El día 11 del corriente, en la Universidad Iberoamericana, Peña participó en un en intercambio de ideas  con la comunidad estudiantil; abordó frágil los cuestionamientos, apegado al discurso y sin los recursos suficientes que requería la ocasión, concluyó con un repunte de los indicadores sobresalientes de su estancia en el Estado de México. Al final, algunos estudiantes le reclamaron omitir lo sucedido en Atenco, aquellos días 3 y 4 de Mayo de 2006 y siendo Peña gobernador, cuando elementos de la Policía Federal Preventiva se enfrentaron a militantes del Frente de Pueblos en Defensa de la Tierra, de La Otra Campaña del EZLN, ejidatarios de San Salvador Atenco y habitantes de la localidad que se oponían a la construcción de un aeropuerto en esa zona. El saldo, tras barrer la carretera Texcoco-Lechería, fue de 290 personas heridas, 2 muertos, al menos 26 casos de tortura, abuso sexual y violaciones a mujeres, así como múltiples denuncias de detenciones arbitrarias, trato cruel, inhumano o degradante y allanamientos de morada, documentados por la Comisión Nacional de Derechos Humanos. Para Wilfrido Robledo Madrid, entonces director del CISEN, el saldo fue limpio; Humberto Benítez, Secretario de Gobierno, reporta sólo 31 participantes detenidos. Con el evento concluido en el auditorio universitario, al menos en la agenda, Peña retomó la palabra, justificó la acción policiaca y defendió que se buscó recuperar el orden y la paz, luego, emprendió la huida tras abucheos. Minutos más tarde, Pedro Joaquín Coldwell, presidente del PRI y egresado de la Iberoamericana, condenó el acto de protesta y llamó intolerante e irrespetuosa a la comunidad universitaria.

 

Se suman los actos en Coahuila y Córdoba, los días 12 y 15 respectivamente, cuando seguidores del priísta, fácilmente identificables como grupos de acarreados de choque, enfrentaron con agresiones físicas y verbales a manifestantes con pancartas y panfletos en contra de Peña, durante actos públicos de su campaña.
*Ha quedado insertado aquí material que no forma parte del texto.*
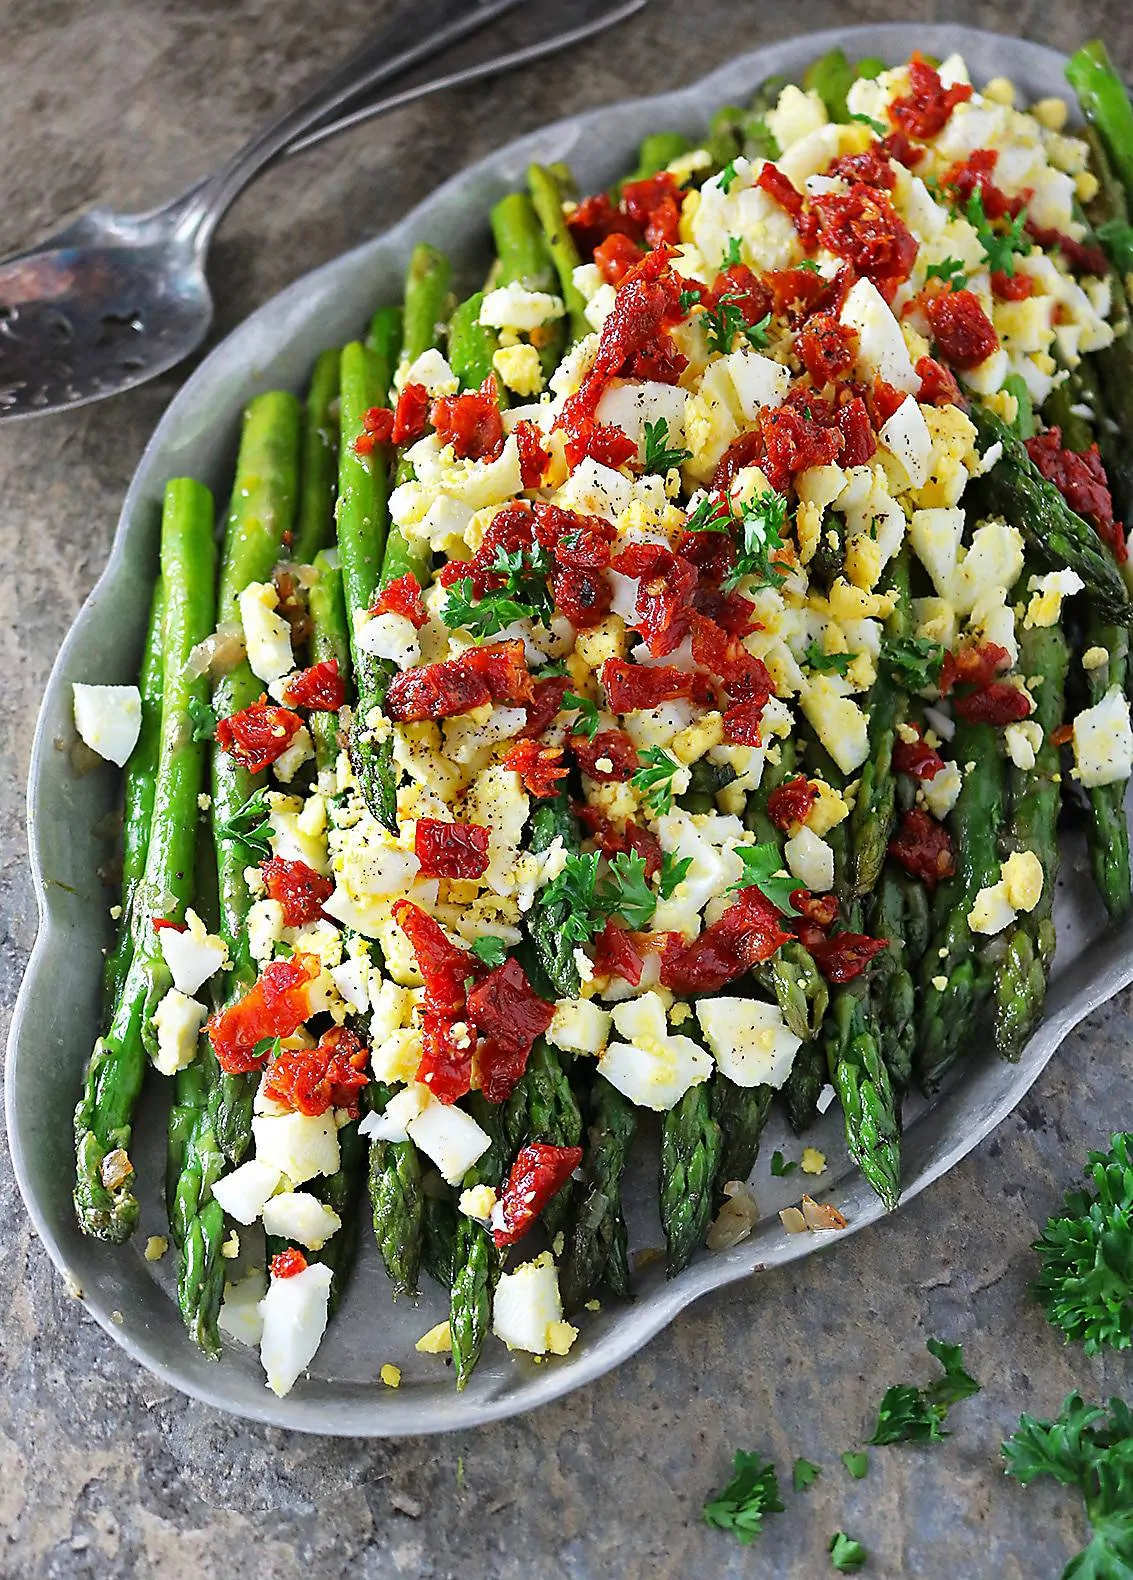 Sauteed Asparagus topped with boiled egg and sundried tomatoes on a silver platter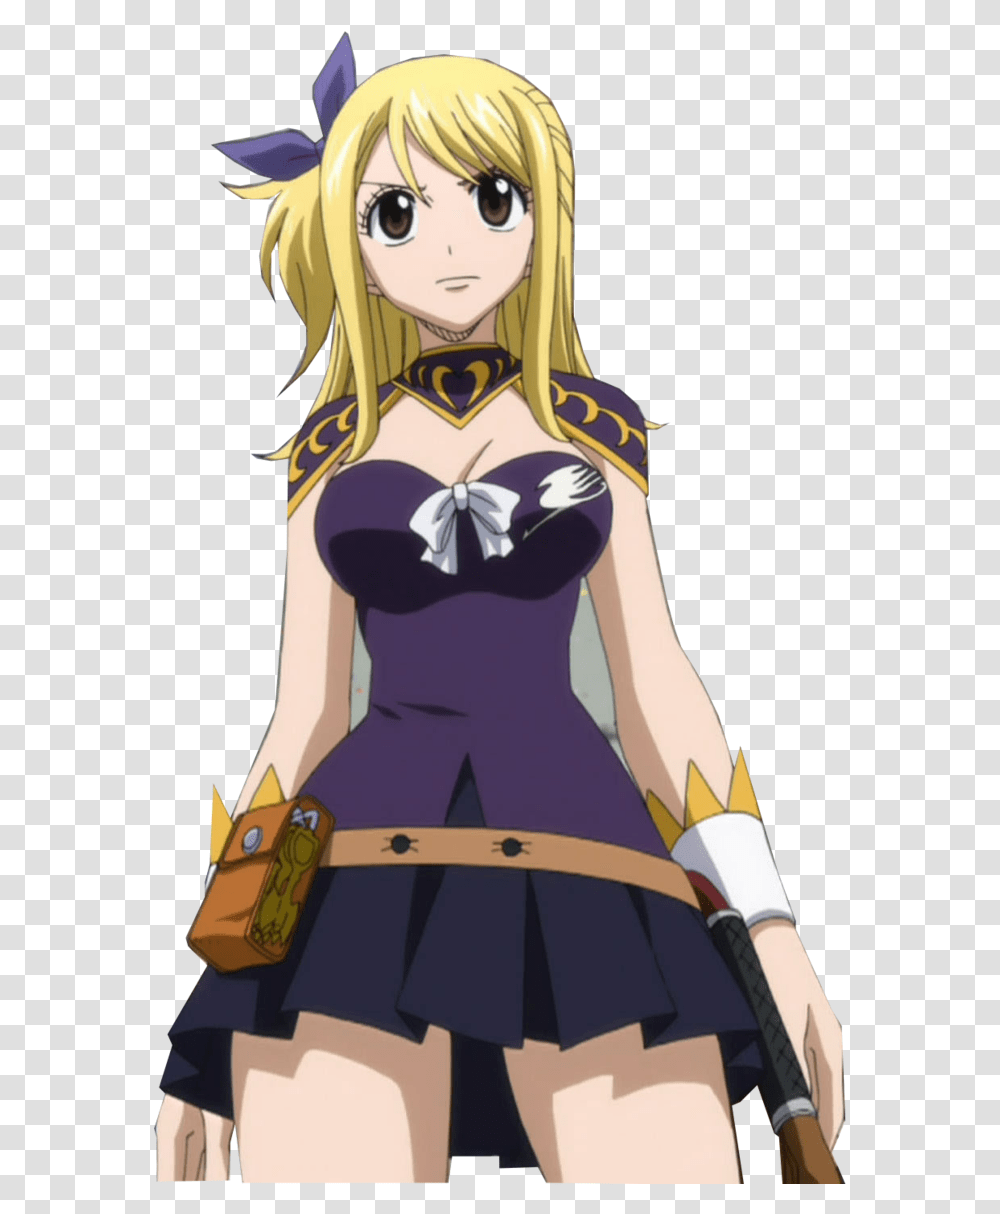 Fairy Tail Lucy 6 Image Lucy Anime Fairy Tail, Comics, Book, Manga, Clothing Transparent Png

Luego, la Policía Municipal detuvo a algunas personas por agredir a la gente del PRI.

 

El odio, pues, no es una buena referencia para el desprecio del odio, y para su queja y acusación, ni la violencia tampoco. El PRI no necesariamente ha sabido expresar su debilidad política o la perdida de votos de su candidato con actos de represión. No reprimen porque estén débiles, al contrario, seguros de que la administración del poder político les pertenecerá, calman sus temores hacia quienes consideran una molestia, despabilándolos.